┌────────
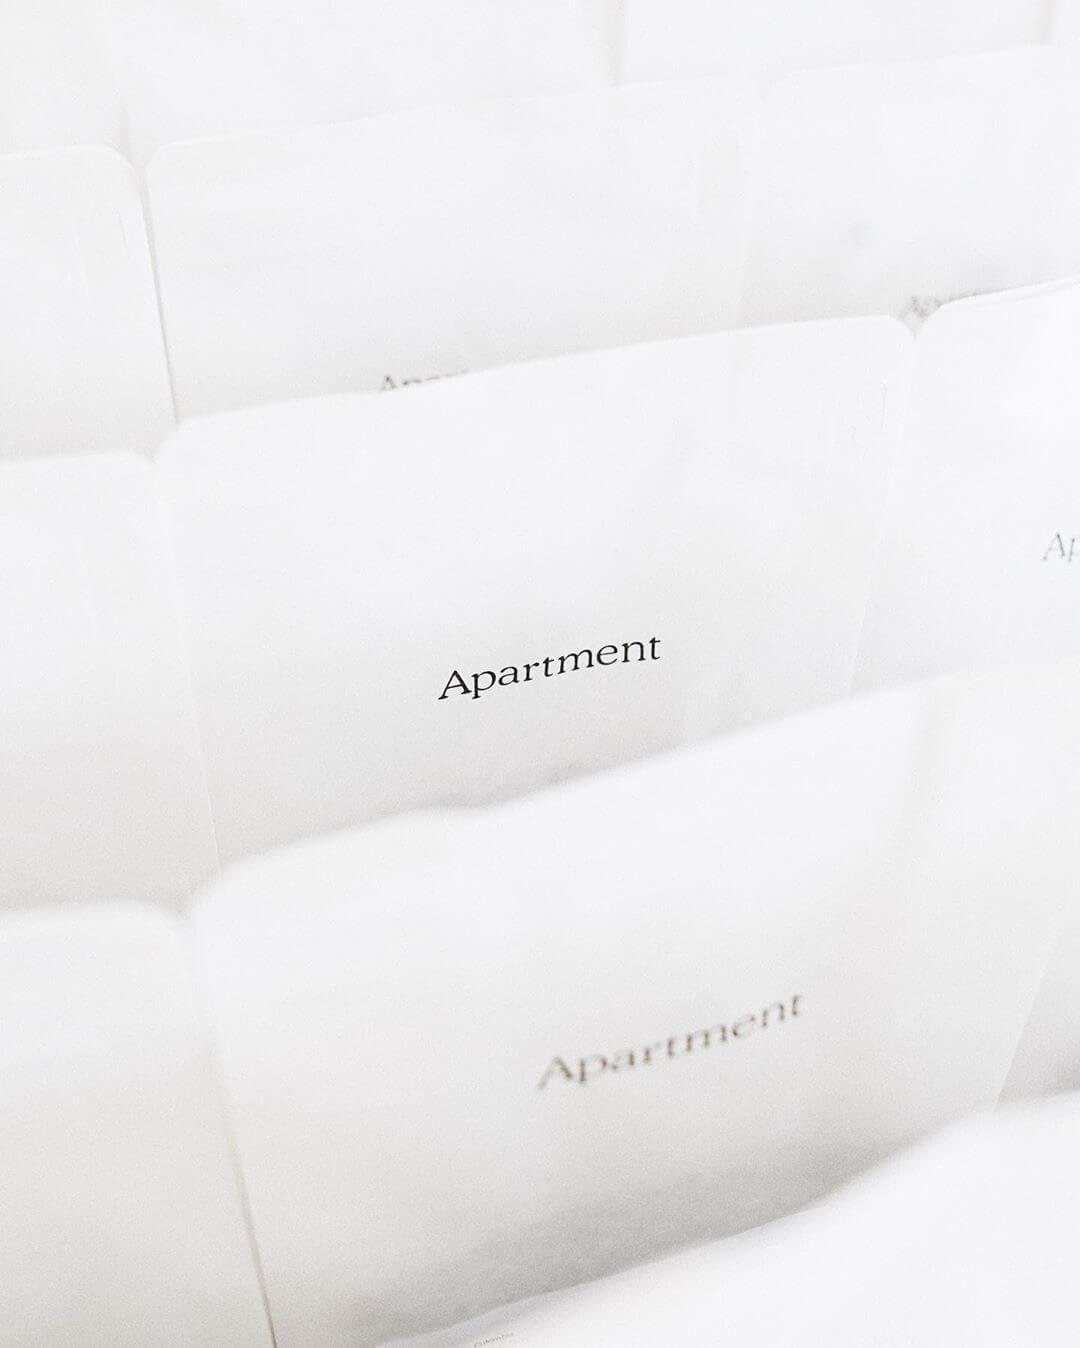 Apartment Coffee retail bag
└────────
┌────────
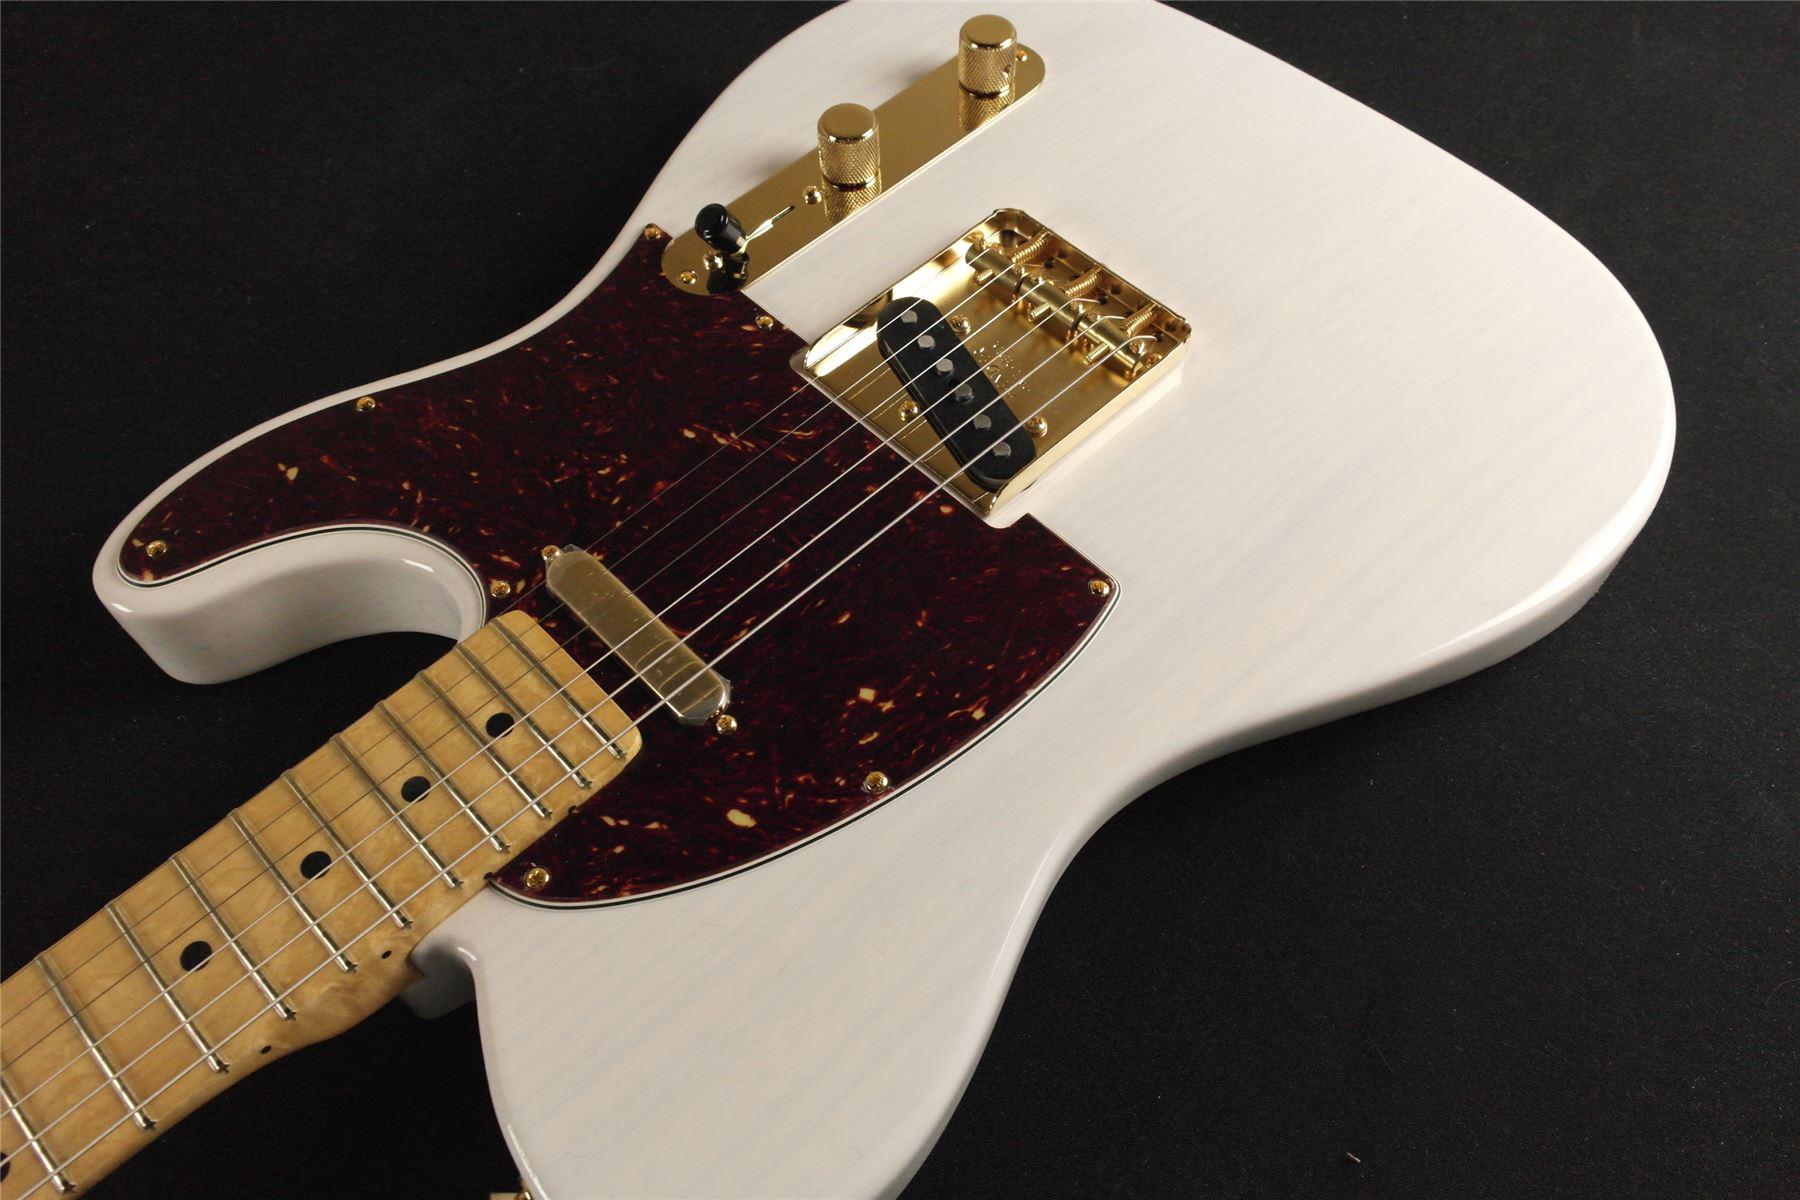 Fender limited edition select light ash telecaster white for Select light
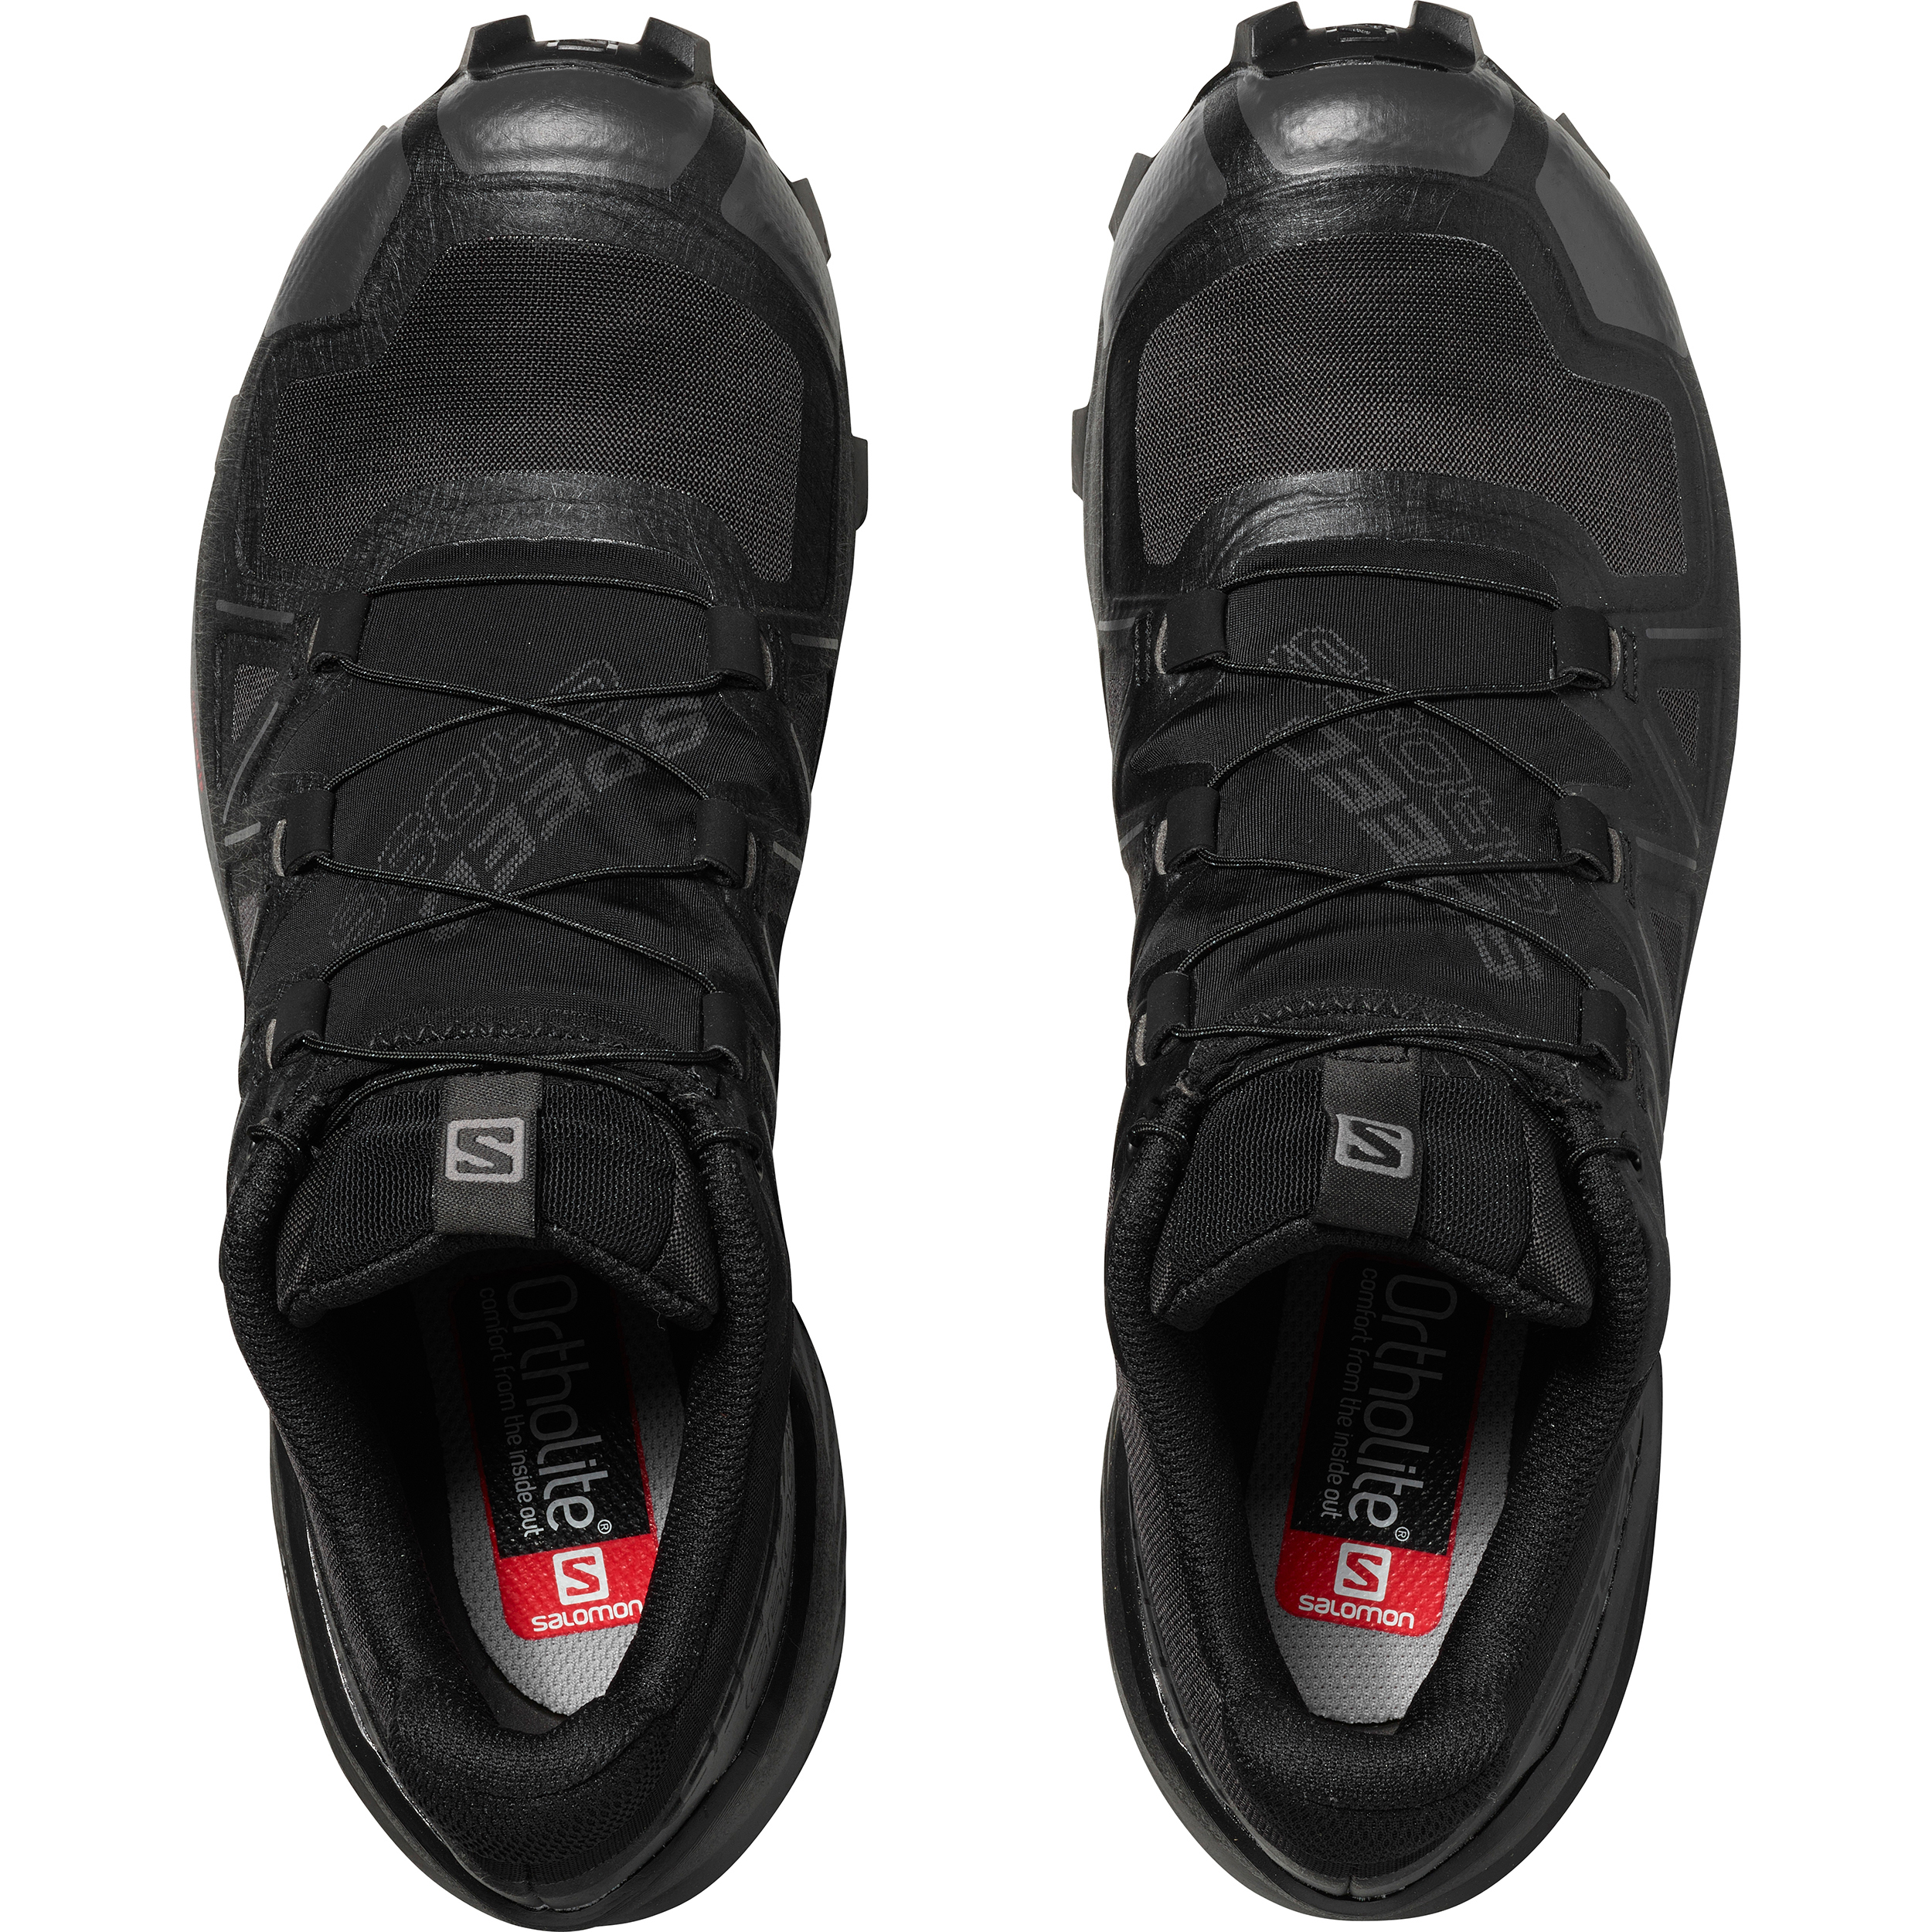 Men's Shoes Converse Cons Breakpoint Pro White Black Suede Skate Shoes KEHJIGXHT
└────────
§ Work task: Within the listing above, write out the stretch from the line with "Fender limited edition" through the line with "Men's Shoes Converse" exactly. Any pictures are to be left out.

§ Solution for this task:
 Fender limited edition select light ash telecaster white for Select light
 Men's Shoes Converse Cons Breakpoint Pro White Black Suede Skate Shoes KEHJIGXHT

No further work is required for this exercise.